### Try it
Reproduce the entire listing exactly. Leave the pictures out.

### Information shown
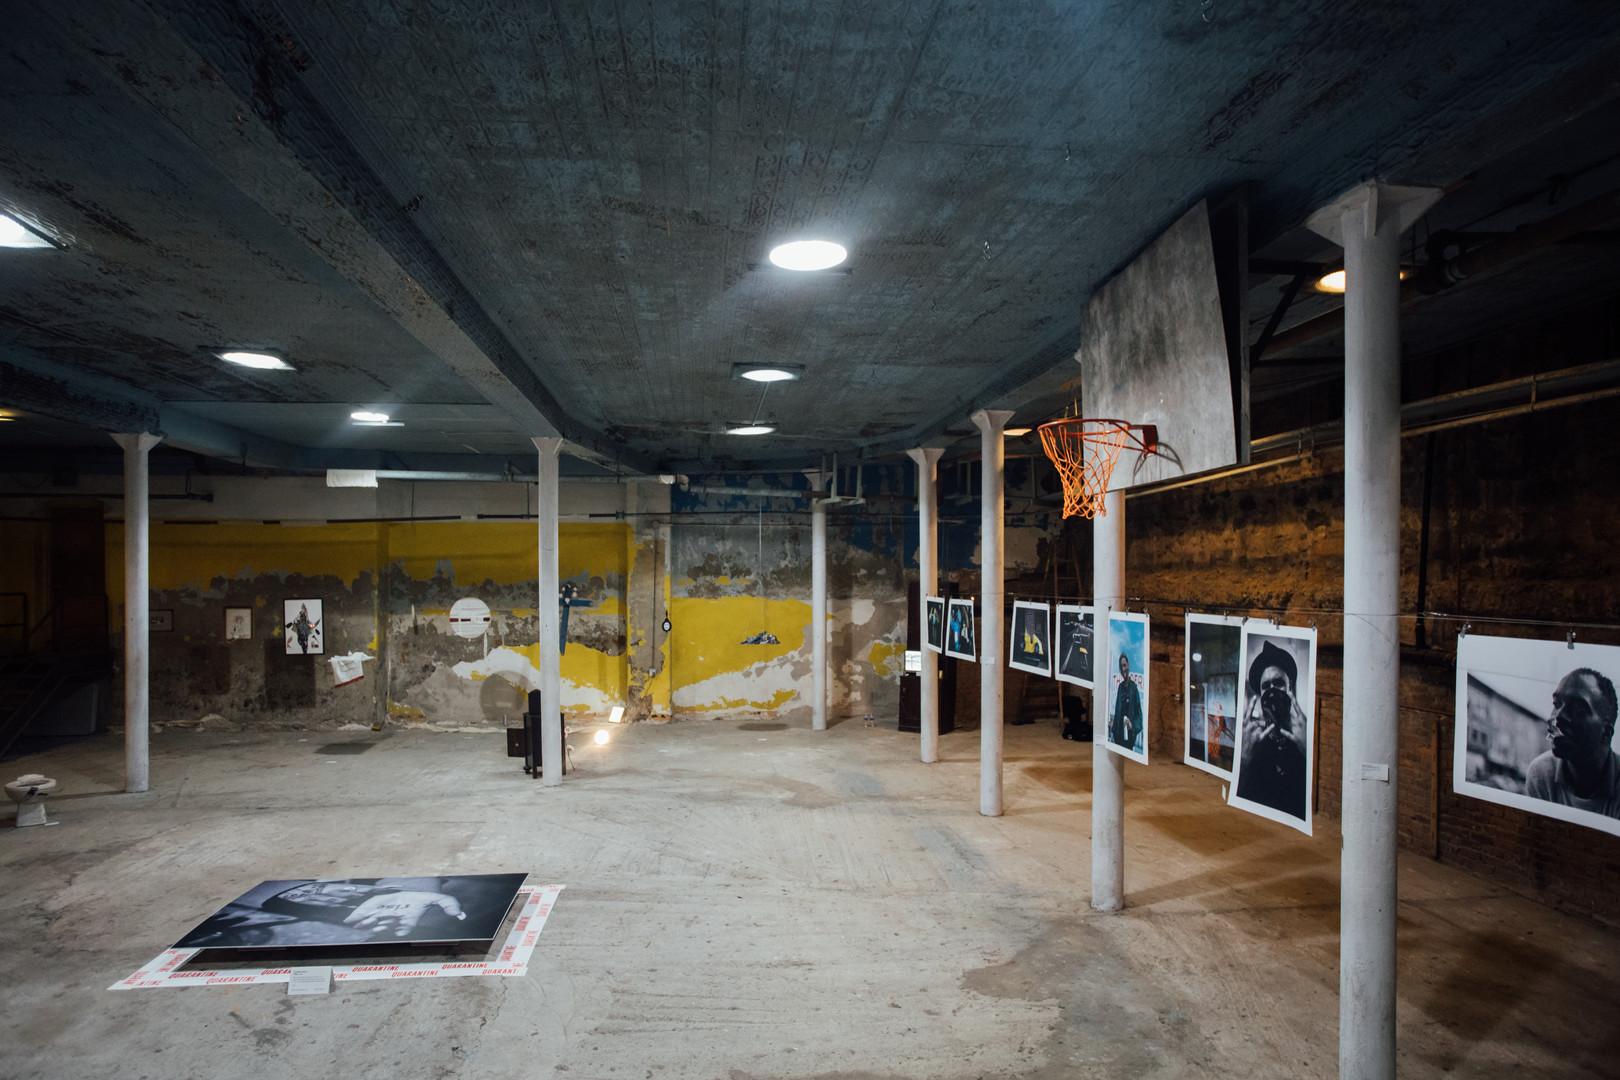 Phase IV art exhibition at Gymnopedie, Brooklyn 12.06.2020
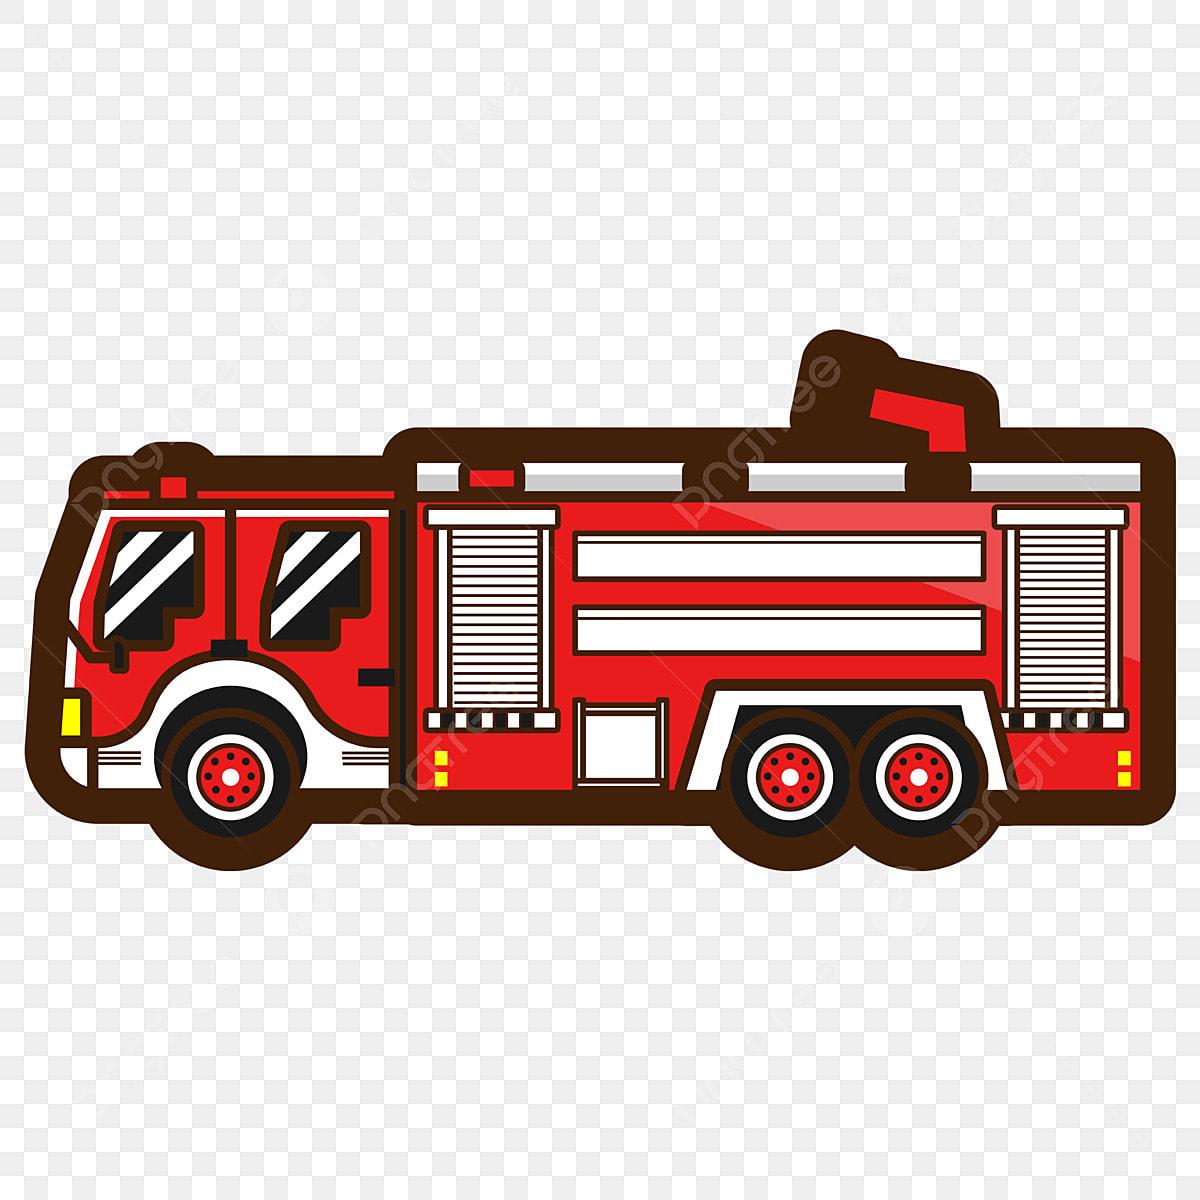 Gambar Elemen Bahan Truk Pemadam Kebakaran Kartun Ai Kartun Truk Pemadam Png Dan Vektor Dengan Latar Belakang Transparan Untuk Unduh Gratis
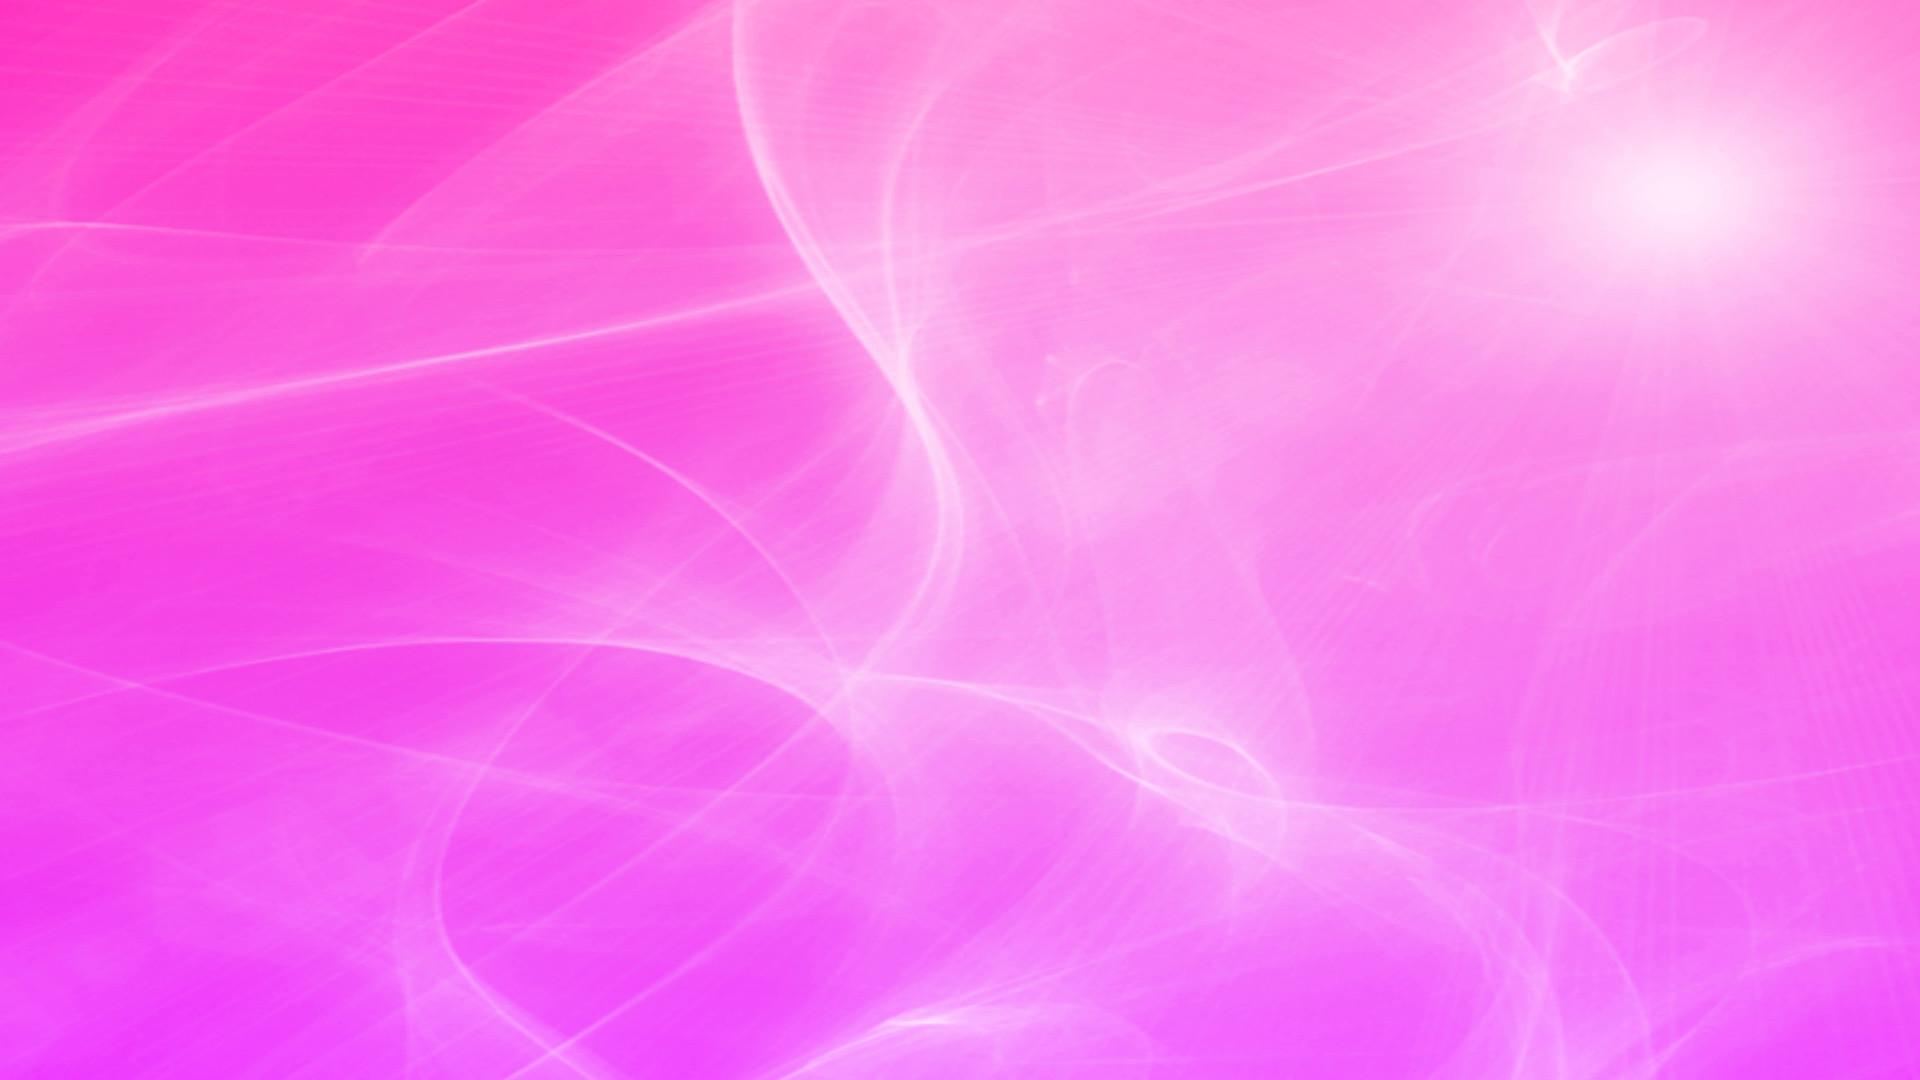 Solid Hot Pink Wallpaper
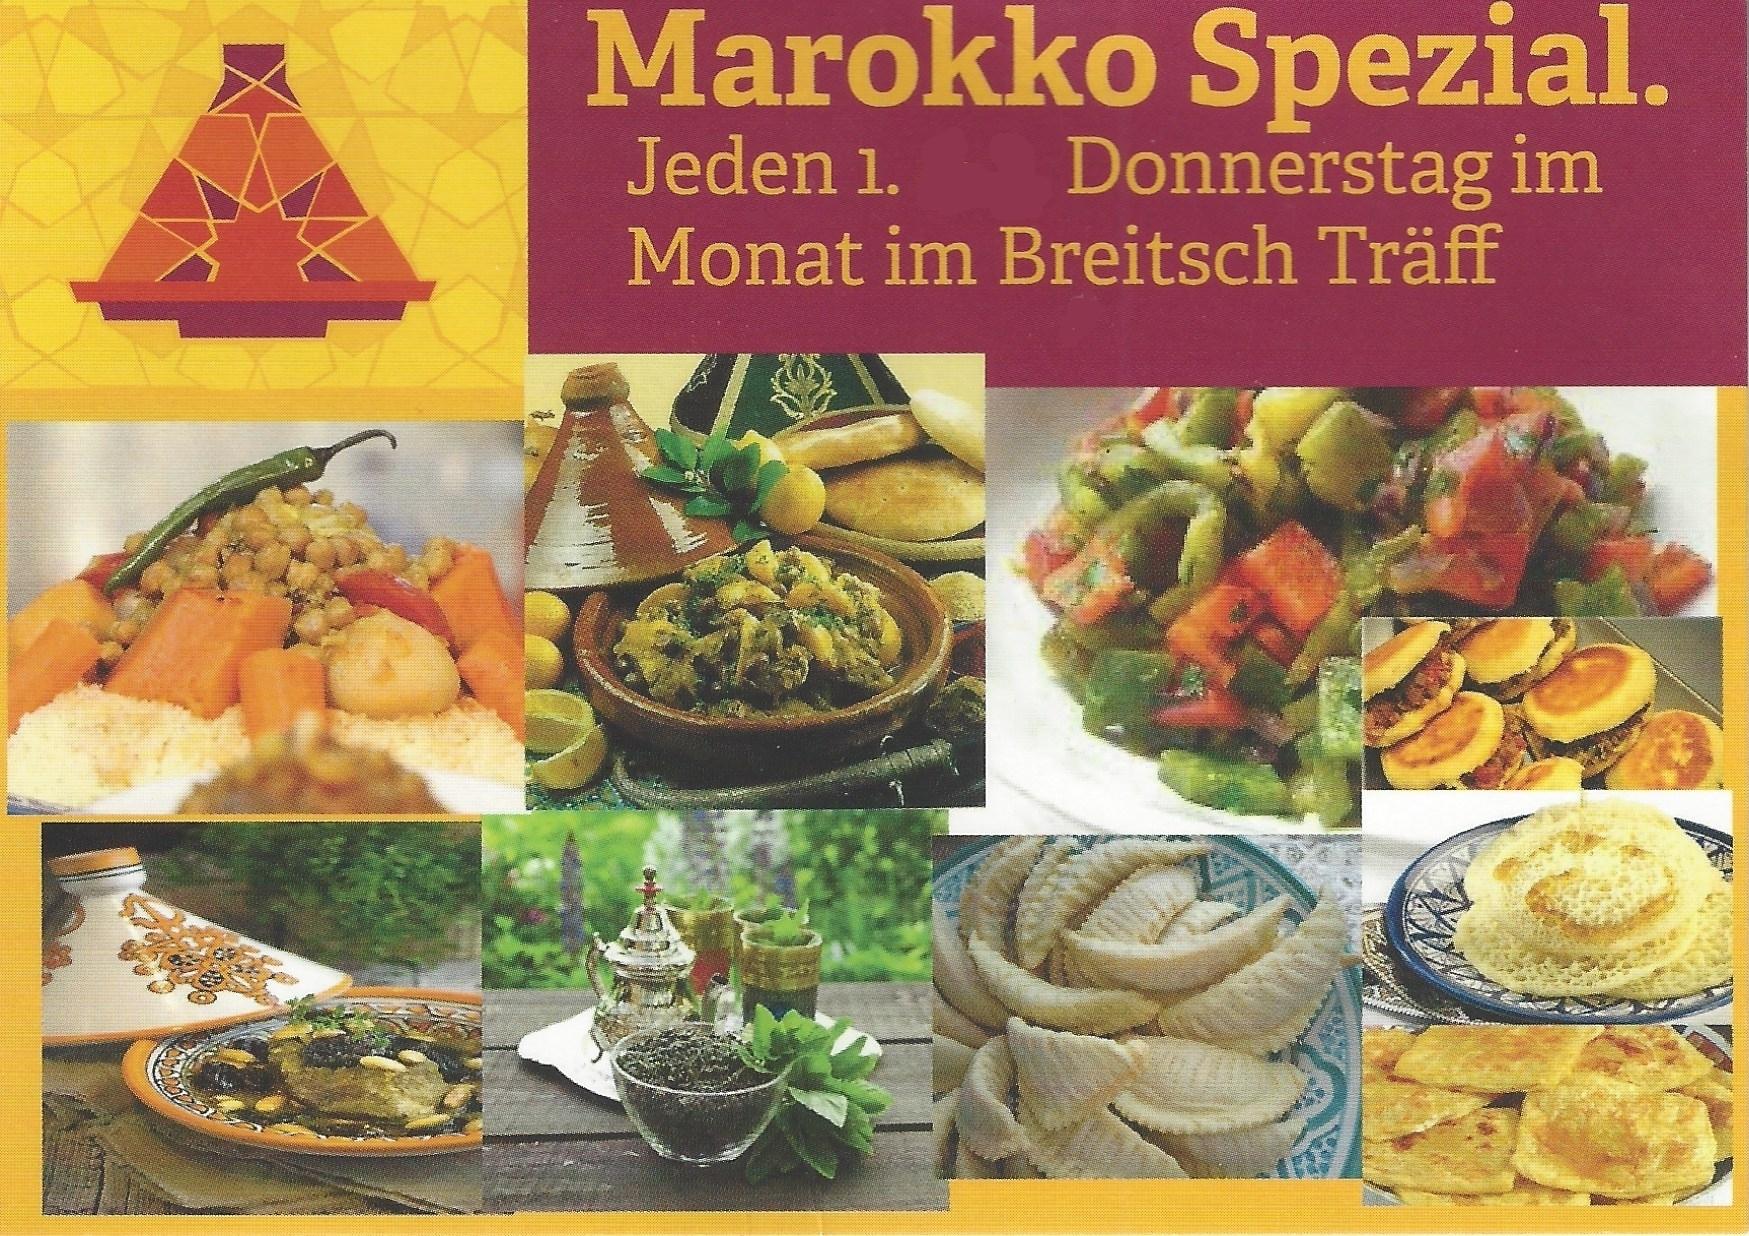 Marokko Spezial.

### Completed exercise
 Phase IV art exhibition at Gymnopedie, Brooklyn 12.06.2020
 Gambar Elemen Bahan Truk Pemadam Kebakaran Kartun Ai Kartun Truk Pemadam Png Dan Vektor Dengan Latar Belakang Transparan Untuk Unduh Gratis
 Solid Hot Pink Wallpaper
 Marokko Spezial.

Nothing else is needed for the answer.